▸ What you are asked to do
Check every line of the entries for "MODEL", and copy the lines that hold it.

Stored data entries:

+===+

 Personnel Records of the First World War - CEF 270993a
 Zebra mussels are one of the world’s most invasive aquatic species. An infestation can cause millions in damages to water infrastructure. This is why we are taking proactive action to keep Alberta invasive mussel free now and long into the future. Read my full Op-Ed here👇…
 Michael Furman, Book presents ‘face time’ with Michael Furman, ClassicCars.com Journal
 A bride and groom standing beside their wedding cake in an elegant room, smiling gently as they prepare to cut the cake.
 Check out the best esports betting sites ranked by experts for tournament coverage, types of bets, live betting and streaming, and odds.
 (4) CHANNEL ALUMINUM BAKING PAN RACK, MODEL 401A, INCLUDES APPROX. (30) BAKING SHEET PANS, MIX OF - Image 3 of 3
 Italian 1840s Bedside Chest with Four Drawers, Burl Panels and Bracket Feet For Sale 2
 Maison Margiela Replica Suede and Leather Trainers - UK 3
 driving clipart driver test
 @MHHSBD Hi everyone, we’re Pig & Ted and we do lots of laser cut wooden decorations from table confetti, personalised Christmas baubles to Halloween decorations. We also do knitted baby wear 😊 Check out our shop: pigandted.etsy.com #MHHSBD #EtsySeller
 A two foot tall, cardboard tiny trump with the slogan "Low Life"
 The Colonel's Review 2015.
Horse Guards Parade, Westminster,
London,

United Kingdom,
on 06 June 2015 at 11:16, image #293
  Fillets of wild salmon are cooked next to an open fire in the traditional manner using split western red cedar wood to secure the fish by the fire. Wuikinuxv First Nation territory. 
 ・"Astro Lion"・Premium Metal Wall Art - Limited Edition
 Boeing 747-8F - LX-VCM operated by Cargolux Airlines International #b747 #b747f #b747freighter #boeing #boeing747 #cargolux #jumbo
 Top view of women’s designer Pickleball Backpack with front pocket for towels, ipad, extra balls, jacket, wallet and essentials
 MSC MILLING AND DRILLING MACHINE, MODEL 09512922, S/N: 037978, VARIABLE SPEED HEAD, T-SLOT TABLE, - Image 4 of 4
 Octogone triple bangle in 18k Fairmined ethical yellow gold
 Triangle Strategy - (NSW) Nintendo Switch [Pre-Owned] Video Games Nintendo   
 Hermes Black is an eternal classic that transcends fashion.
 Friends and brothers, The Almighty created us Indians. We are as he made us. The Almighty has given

+===+

▸ Result of the exercise
 (4) CHANNEL ALUMINUM BAKING PAN RACK, MODEL 401A, INCLUDES APPROX. (30) BAKING SHEET PANS, MIX OF - Image 3 of 3
 MSC MILLING AND DRILLING MACHINE, MODEL 09512922, S/N: 037978, VARIABLE SPEED HEAD, T-SLOT TABLE, - Image 4 of 4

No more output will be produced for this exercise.